Thursday, May 2, 2013

Saturn's North Polar Hurricane in Natural Color


The north pole of Saturn, in the fresh light of spring, is revealed in this color image from NASA's Cassini spacecraft. The north pole was previously hidden from the gaze of Cassini's imaging cameras because it was winter in the northern hemisphere when the spacecraft arrived at the Saturn system in 2004.

A hurricane-like storm circling Saturn's north pole at about 89 degrees north latitude is inside the famous "hexagon" feature, which scientists think is a wandering jet stream that whips around the north pole at about 220 miles per hour (98 meters per second). It folds into a six-sided shape because the hexagon is a stationary wave that guides the path of the gas in the jet. The hexagon borders occur at about 77 degrees north latitude and the feature is wider than two Earths. Saturn's rings can be seen at the upper right of the image.

Images with red, green and blue spectral filters were combined to create this natural-color view, which is what the human eye would see if we were there at Saturn. The image here was acquired with the Cassini spacecraft wide-angle camera on Nov. 27, 2012 at a distance of approximately 260,000 miles (418,000 kilometers) from Saturn and at a sun-Saturn-spacecraft, or phase, angle of 96 degrees.
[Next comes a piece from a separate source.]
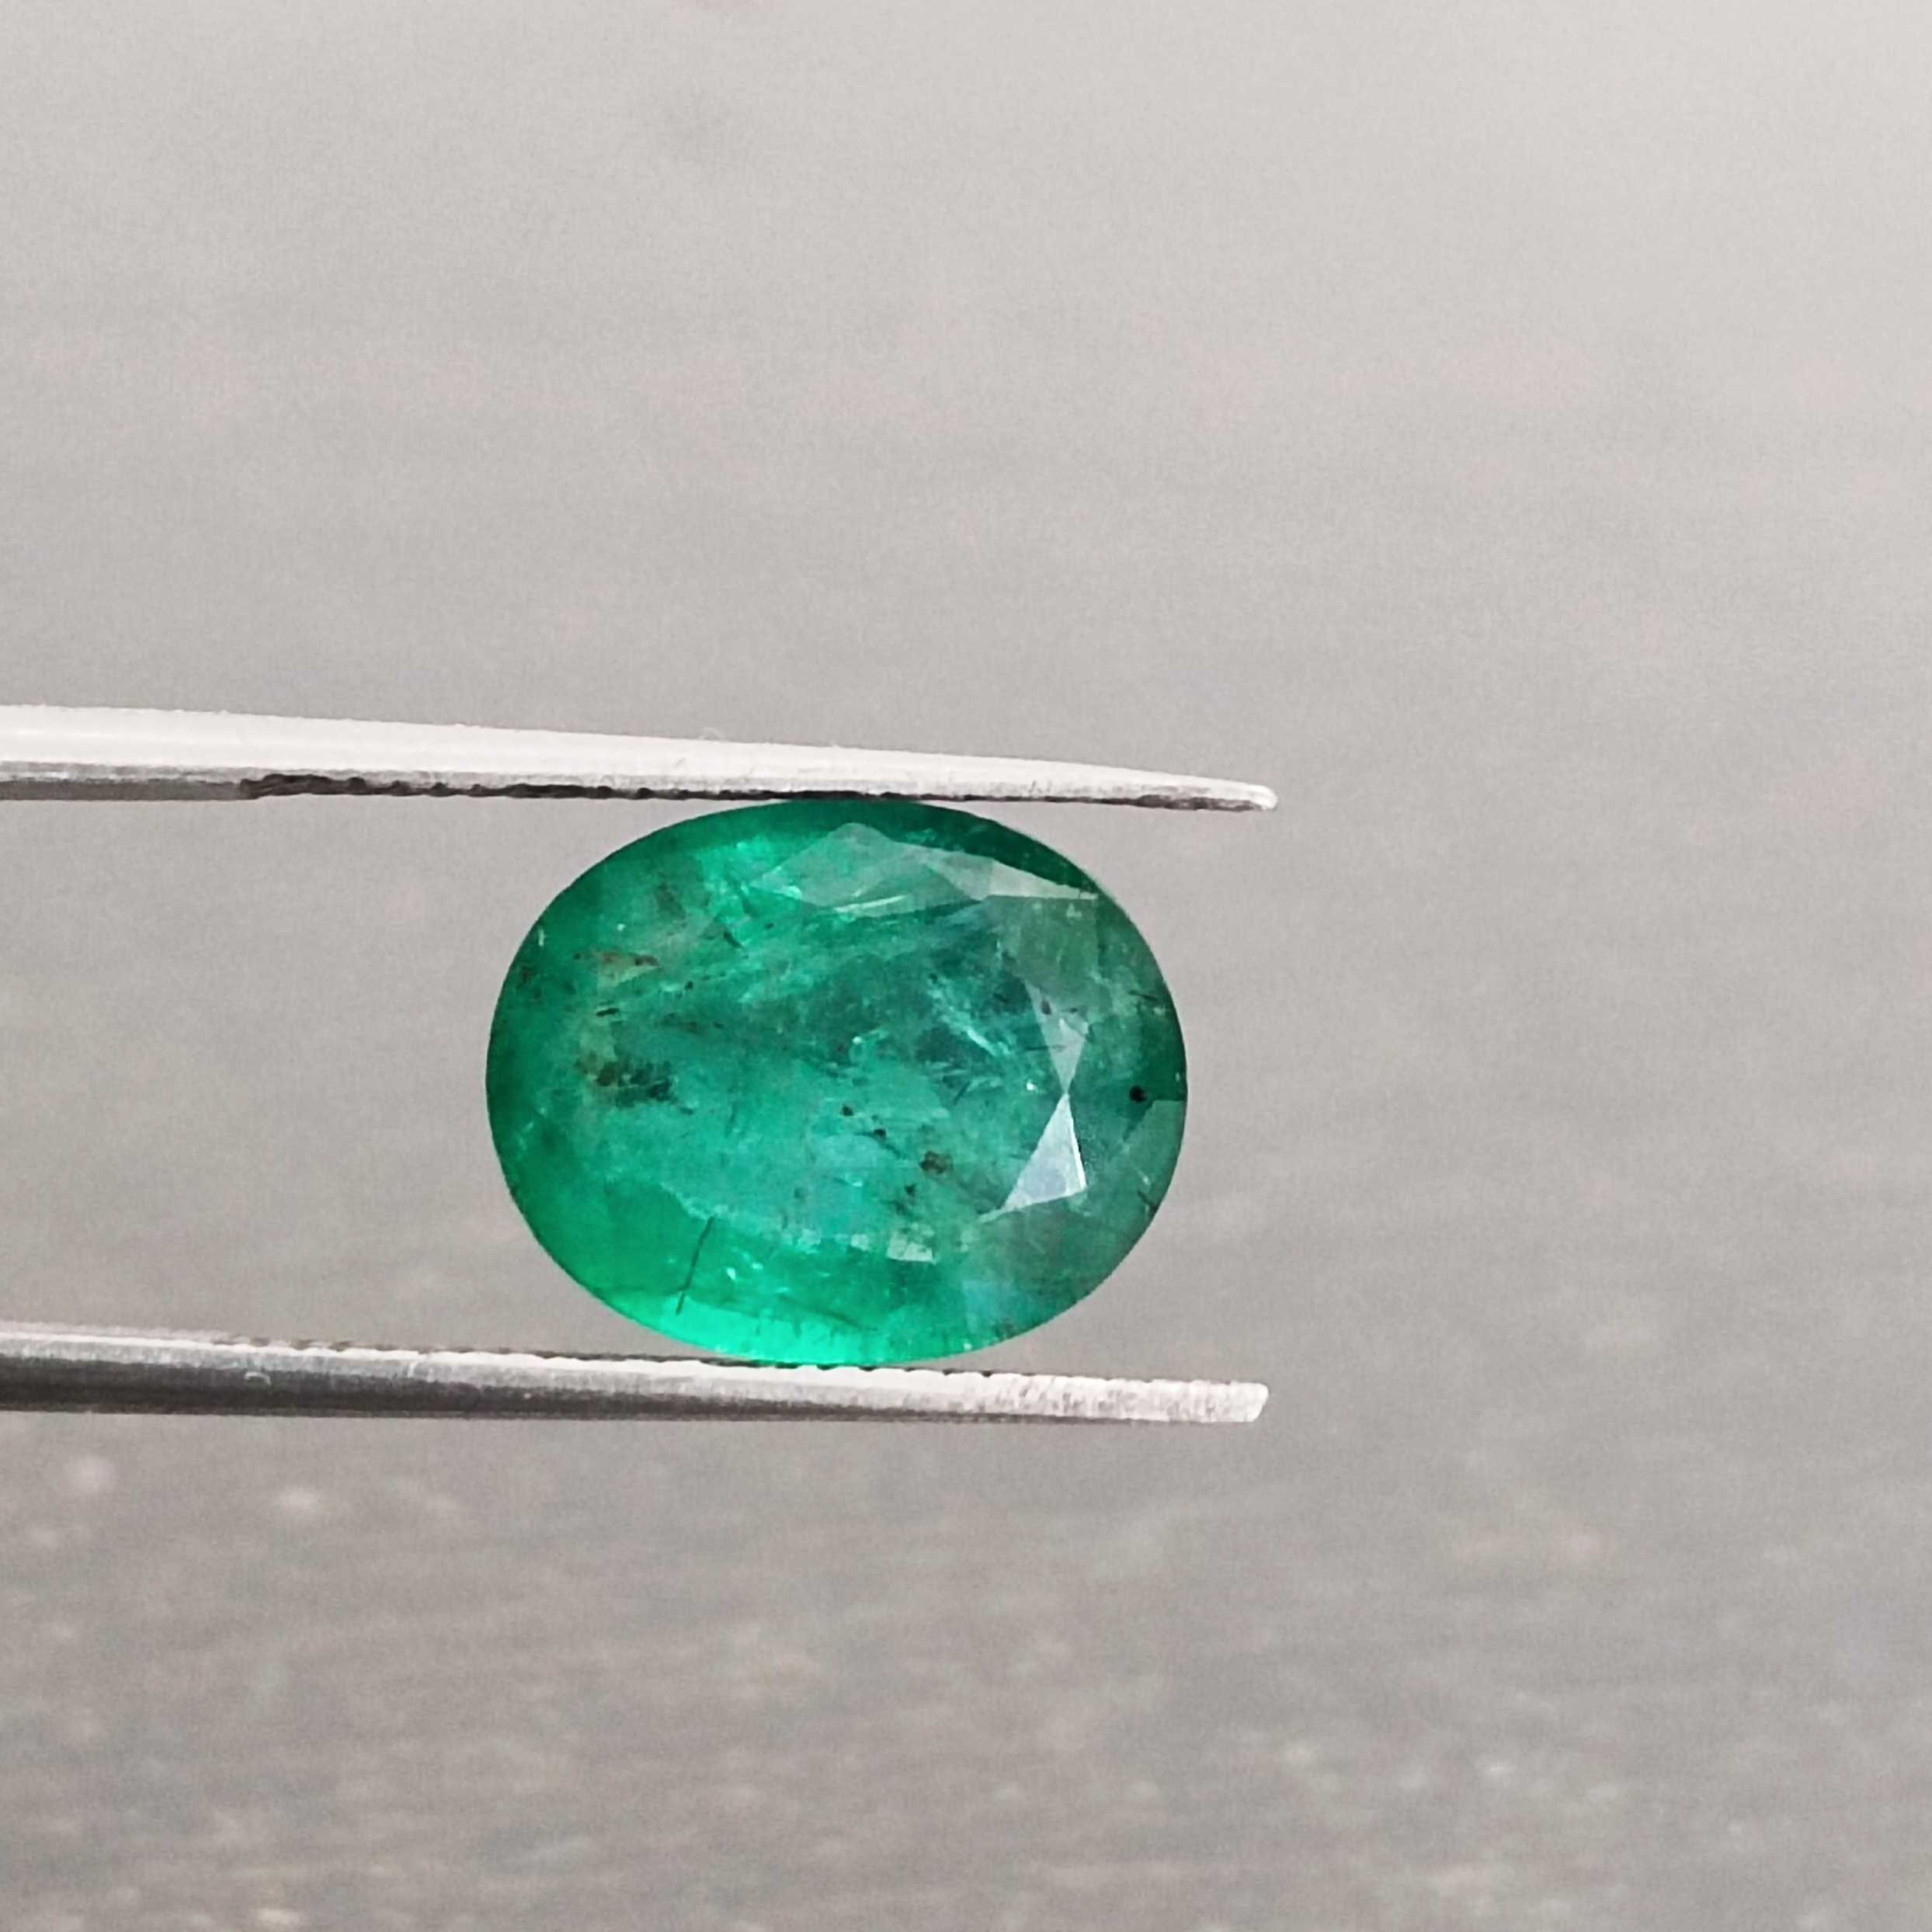 3.57ct deep shiny green oval step cut emerald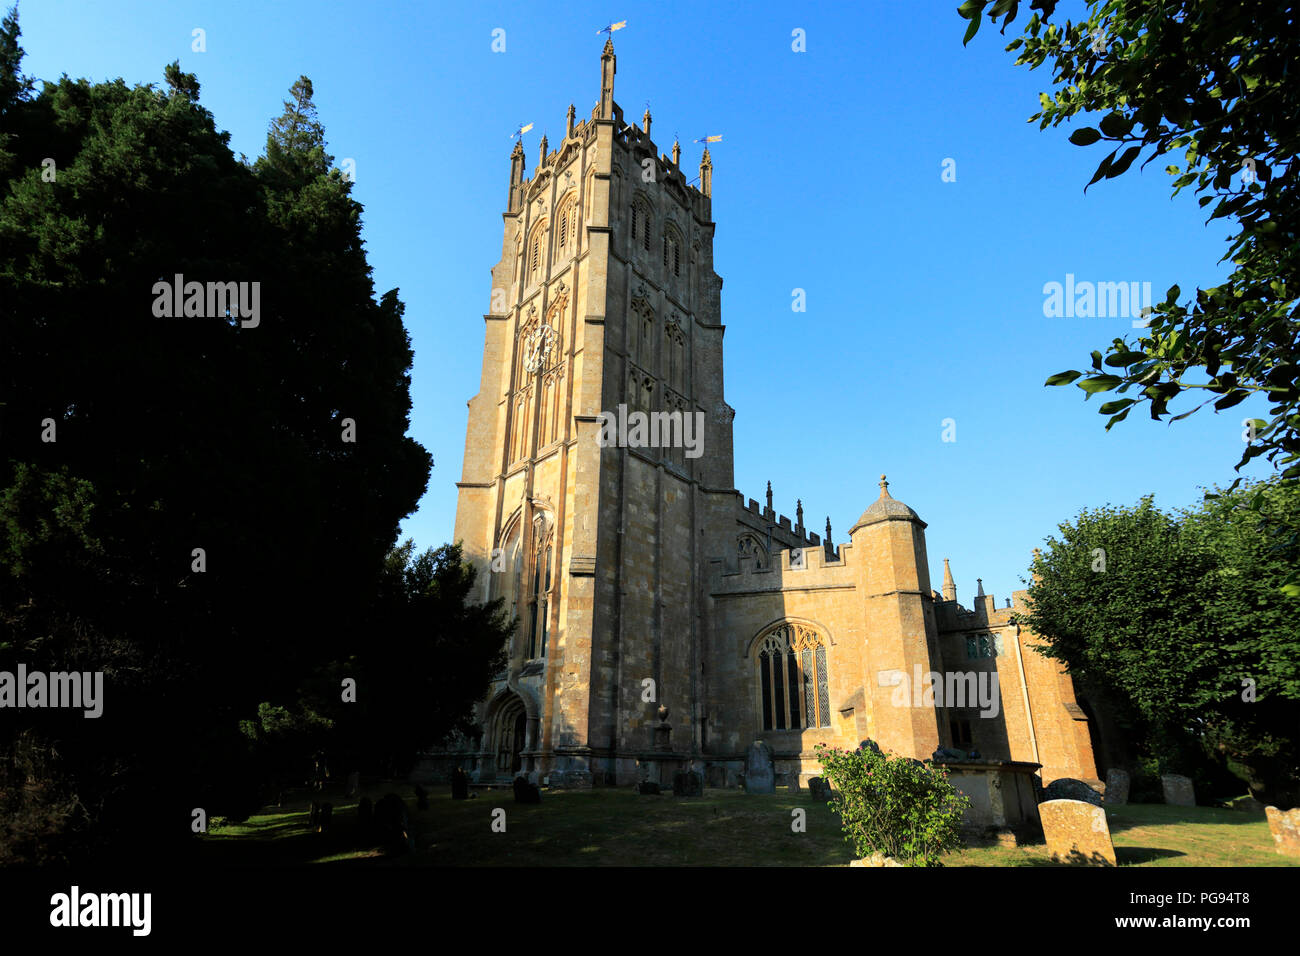 St James Parish Church, Chipping Campden Stadt, Gloucestershire Cotswolds, England, Großbritannien Stockfoto

Image scale is 18 miles (28.6 kilometers) per pixel.

A false-color version of this image can be seen at PIA14946.

Image credit: NASA/JPL-Caltech/SSI


Note: For more information, see Mysterious Hurricane at Saturn's North Pole, NASA Probe Gets Close-Up Views of Large Hurricane on Saturn, Saturn's North-Pole Hurricane Close Up, and Gigantic Hurricane Spotted on Saturn.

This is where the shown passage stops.